Между тем ромбы на теле собаки, лежавшей без движения, начали слегка бледнеть. Вскоре они стали гораздо светлее ромбов паркета. Контур собаки становился все более заметным.

— Вы видите, что делается с Джеком? — радостно спросил Ильичев, приближаясь к экрану. — Антимимикрин начинает действовать. Теперь у меня уже нет больше сомнения. Жизнь собаке я спас и при первом опыте, но тогда мне не удалось вернуть ей нормальную окраску. Теперь и эта задача решена.

— Вот и отлично, — сказал комдив. — Значит, я могу послать к вам товарища Гроздева с полной уверенностью в том, что жизнь его будет спасена.

— Безусловно, товарищ комдив, — уверенно заявил доктор.

Комдив выключил телевизор и обратился к Бахтадзе.

— Немедленно же направляйтесь с товарищем Гроздевым в Минск к доктору Ильичеву. Самолет для вас приготовлен.

Гроздев и Бахтадзе попрощались с комдивом и вышли из кабинета. В коридоре их ждал Гущин.

— Ну, как, товарищ инженер? — взволнованно спросил он, — спасет вас Ильичев?

— Спасет, спасет, товарищ Гущин, — улыбаясь ответил Гроздев. — Можете не сомневаться.

— А с фашистами как же?

— С фашистами? А с ними, товарищ Гущин, наш воздушный десант займется сегодня ночью.

— Воздушный десант? — удивленно переспросил Гущин.

Попрощавшись с инженером, он вышел из штаба и темными улицами военного городка торопливо добежал до казарм саперного батальона.

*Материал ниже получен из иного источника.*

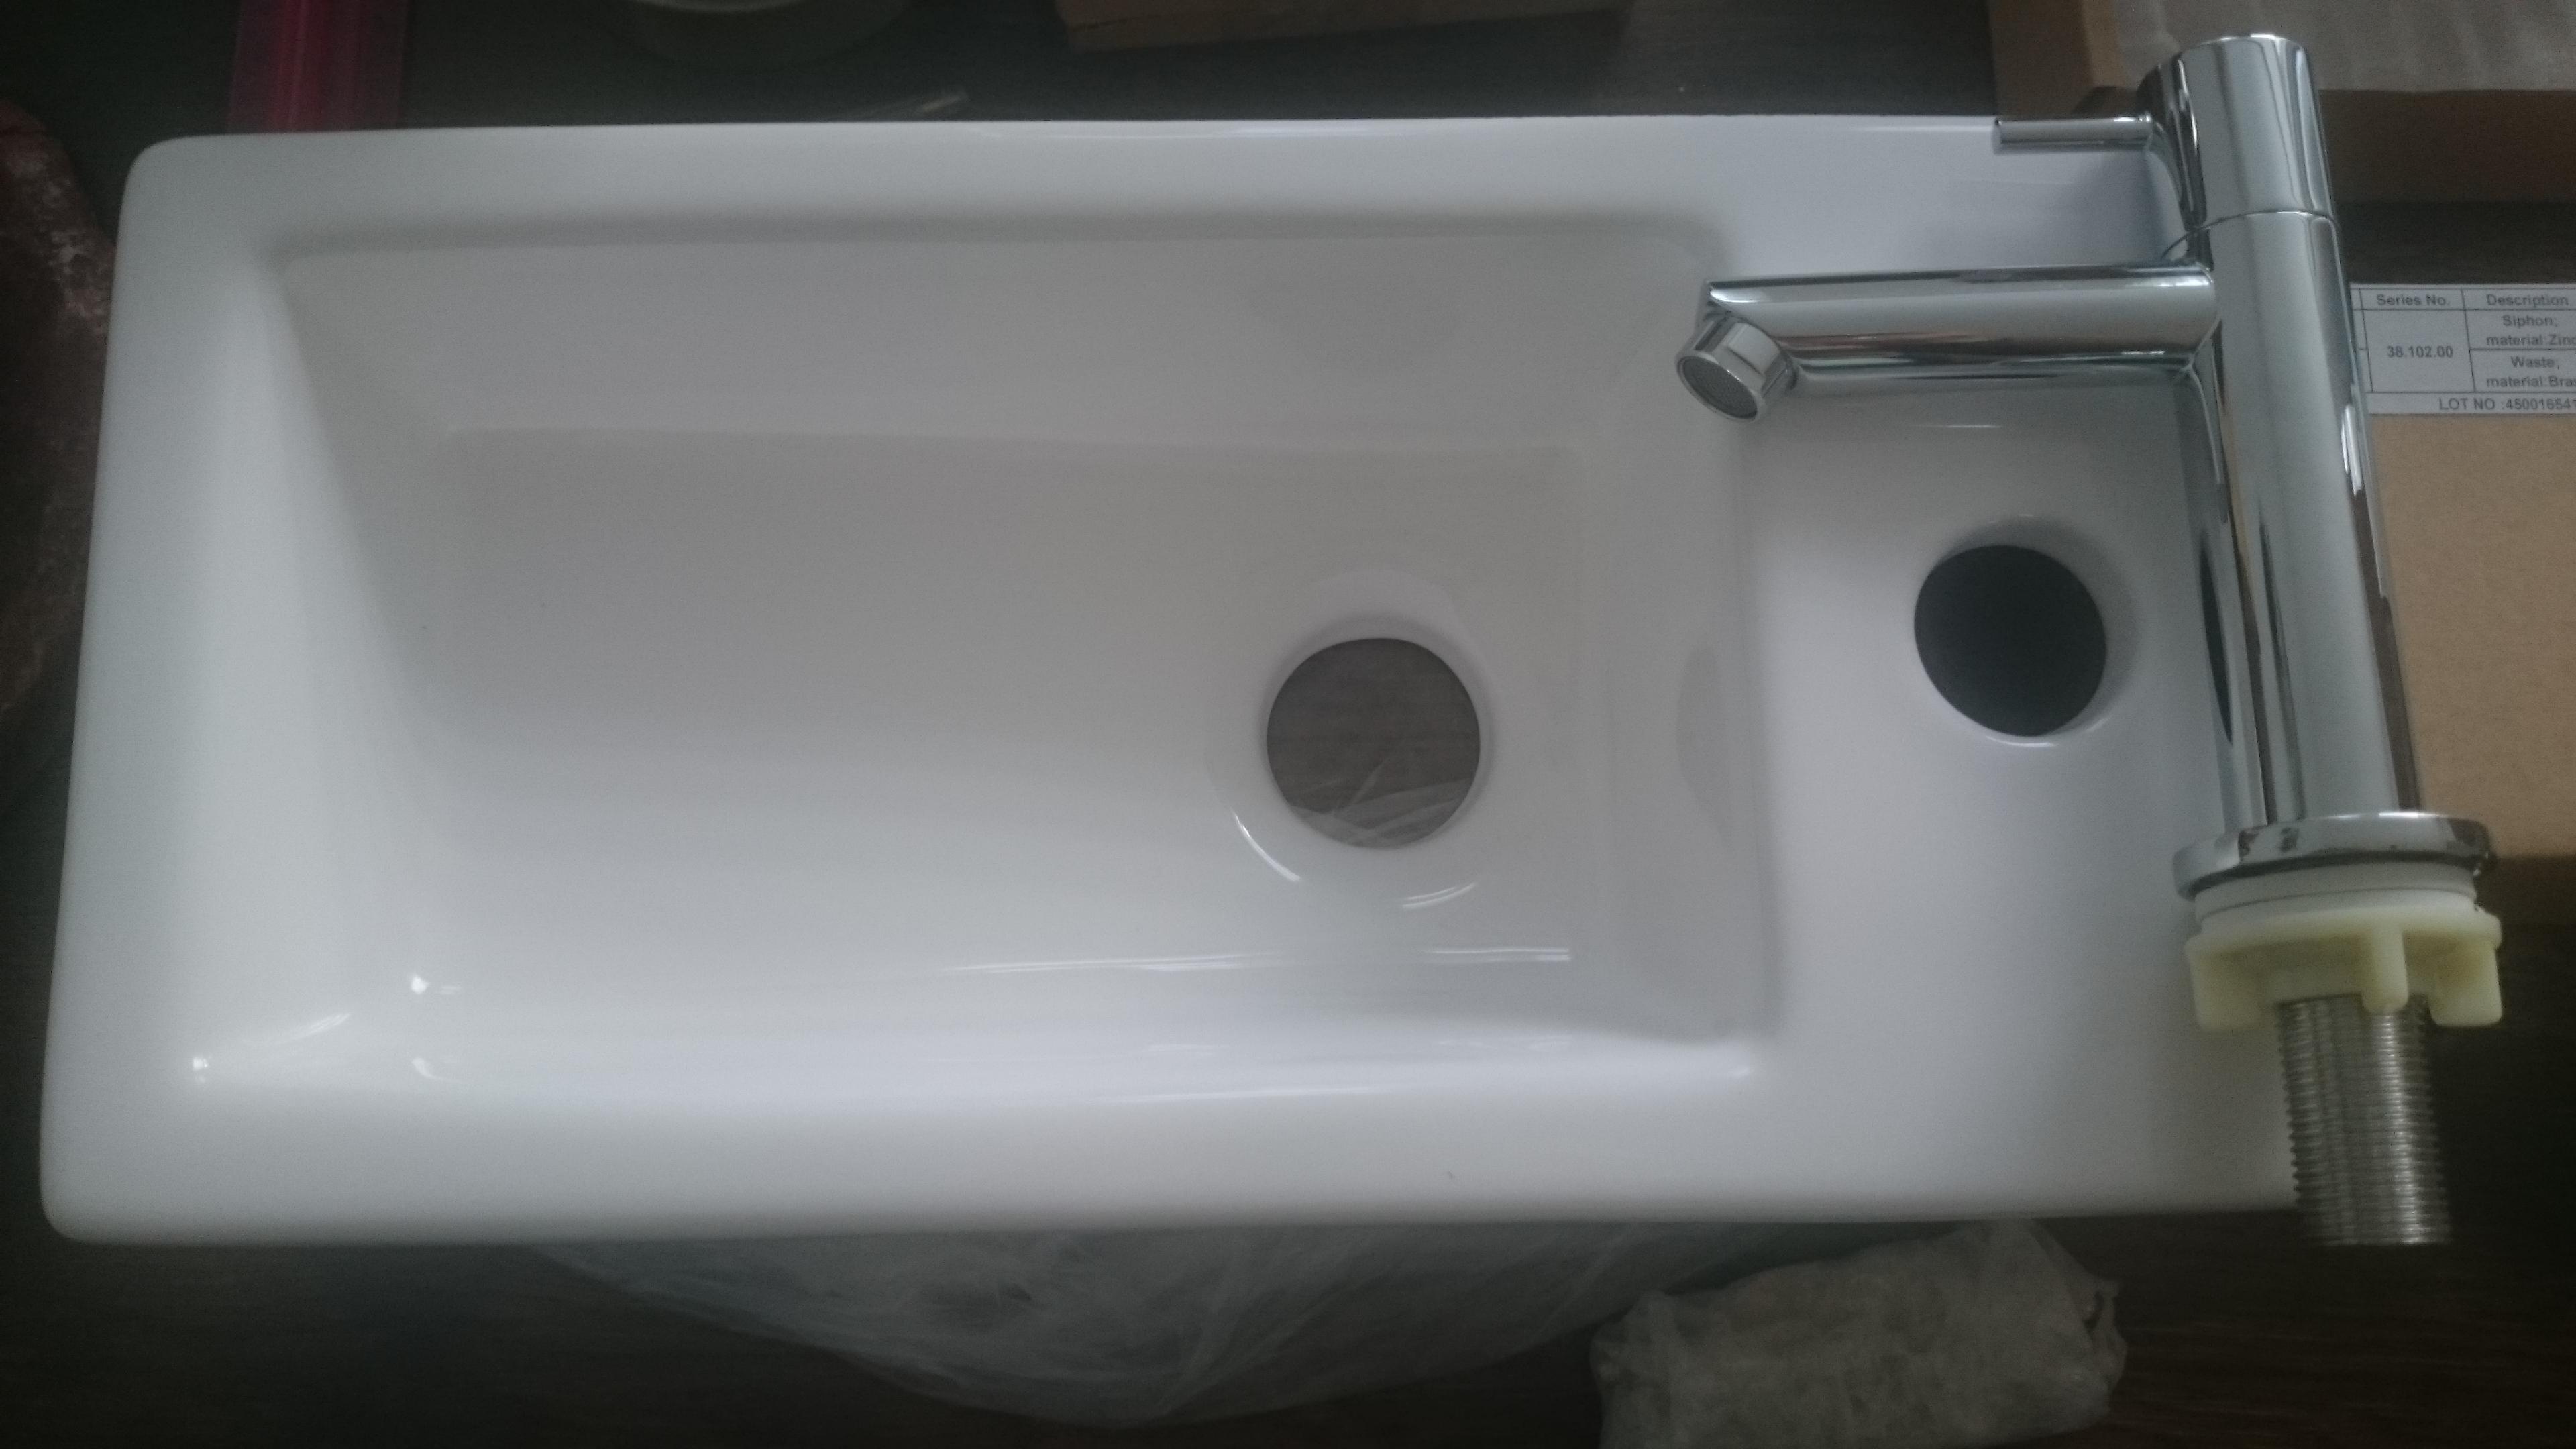 Praxis Toilet Fontein : Toilet vernieuwd zwevend toilet gemaakt en opnieuw betegeld

— Где лейтенант Лесниченко? — спросил Гущин у дневального.

— В штабе батальона.

Не теряя времени, Гущин направился к штабу. Еще издали увидел он своего лейтенанта в освещенном окне. Он сидел в маленькой штабной комнате и перелистывал какие-то списки. Гущин доложил ему, что явился с разведки.

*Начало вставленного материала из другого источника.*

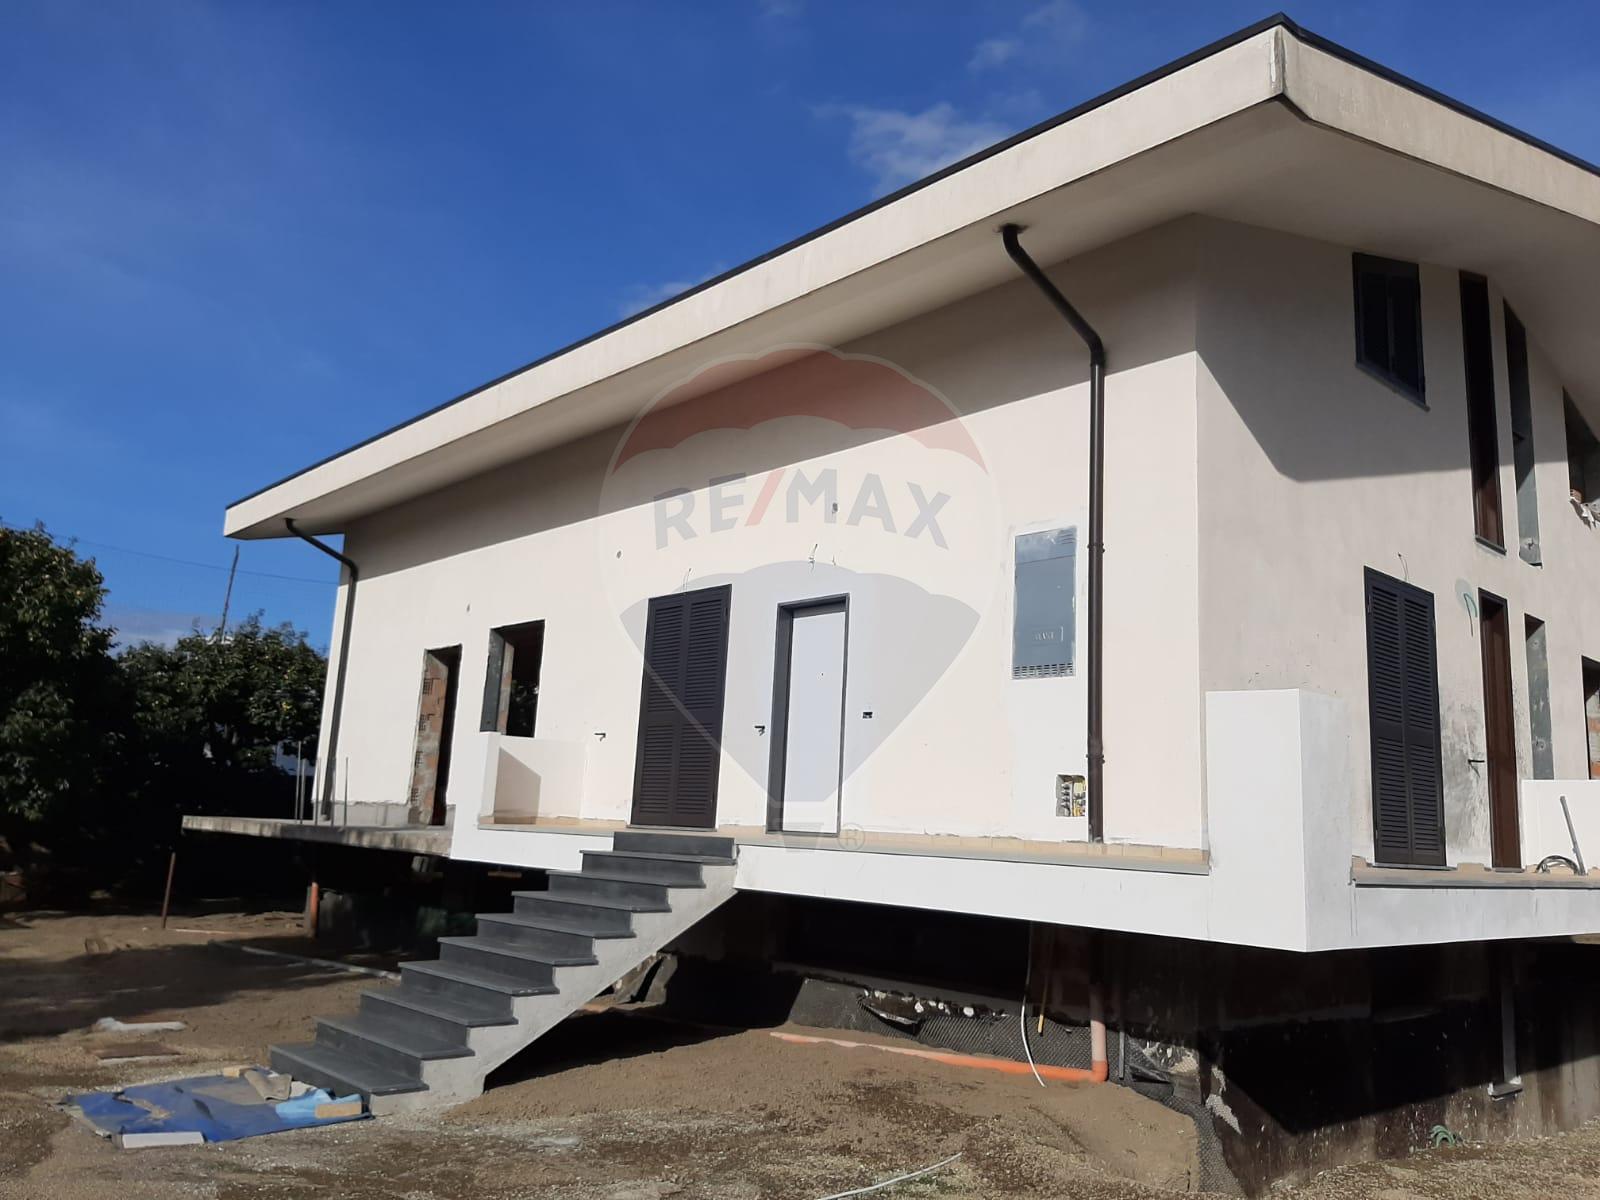 Vendita Casa Semindipendente Via Pasquale Grimaldi, 40 Sant'Egidio del Monte Albino, SA

— Хорошо, — сказал лейтенант, — можете быть свободны. Идите отдыхать.

— Товарищ старший лейтенант, а наш взвод никуда не назначается ночью? — смущенно спросил Гущин.

— Назначается, но вы можете спокойно отдыхать. Капитан освободил вас от ночной операции.

— Я прошу вас, товарищ старший лейтенант, разрешить мне принять в ней участие. Я знаю, что на эту операцию назначаются только парашютисты, а я — лучший парашютист в нашей роте.

— Но ведь вы устали после разведки.

— Ничуть, товарищ старший лейтенант. Целый день сидел с врачом Бахтадзе в окопе, поджидая инженера Гроздева... Это меня не могло утомить.

Подумав, лейтенант согласился и приказал Гущину итти ужинать и немедленно ложиться спать.

...В три часа ночи, по сигналу дневального, саперный взвод вскочил на ноги, бесшумно оделся и выстроился посреди казармы. Старший лейтенант Лесниченко объяснил боевую задачу. Саперы были включены в десантный отряд, который должен был вылететь на стратопланах к расположению первой зоны особого германского корпуса в 3 часа 33 минуты, ровно за 20 минут до восхода солнца. Затем затяжным парашютным прыжком бойцы должны спуститься на землю и уничтожить артиллерийскую прислугу противника.

По дороге к аэродрому Гущин узнал, что немцы уже выпустили десятка полтора снарядов по советской территории. Снаряды эти были колоссальной силы и величины. Упав, они сначала ползли по земле, словно гигантскими плугами вспахивая ее на двести метров, и только после этого взрывались со страшной силой.

На аэродроме шла бесшумная работа. Авиатехники готовили к полету десантные корабли супер-авиации. Из дивизионных складов подвозили на машинах кислородные баллоны и оружие. Командиры и экипаж кораблей примеряли электрические костюмы.

Вскоре начали готовиться к посадке. Почти весь десантный отряд, как заметил Гущин, состоял из артиллеристов. Лишь после того, как началась посадка на аэродром, прибыл стрелковый полк. Вся эта масса людей бесшумно разместилась в восьмидесяти воздушных кораблях, кабины которых были герметически закупорены.

Набирая высоту, корабли увеличивали скорость. На высоте в четыре тысячи метров они летели со скоростью в четыреста километров в час, на высоте десяти тысяч метров — со скоростью в пятьсот пятьдесят километров, а достигнув шестнадцати тысяч метров, увеличили скорость до восьмисот километров. Сквозь толстые стекла Гущин видел черное звездное небо и бледный диск луны. Земля была непроглядно темна. Она лежала где-то там, далеко-далеко внизу, и казалось, что стратопланы перелетят, перемахнут через нее и умчатся неизвестно куда... И становилось так жалко эту милую, родную землю, и еще сильнее возрастала ненависть к врагу, из-за которого всем этим замечательным советским людям пришлось бросить свое мирное дело и лететь в эту страшную ночь в логово бешеного, отвратительного зверя.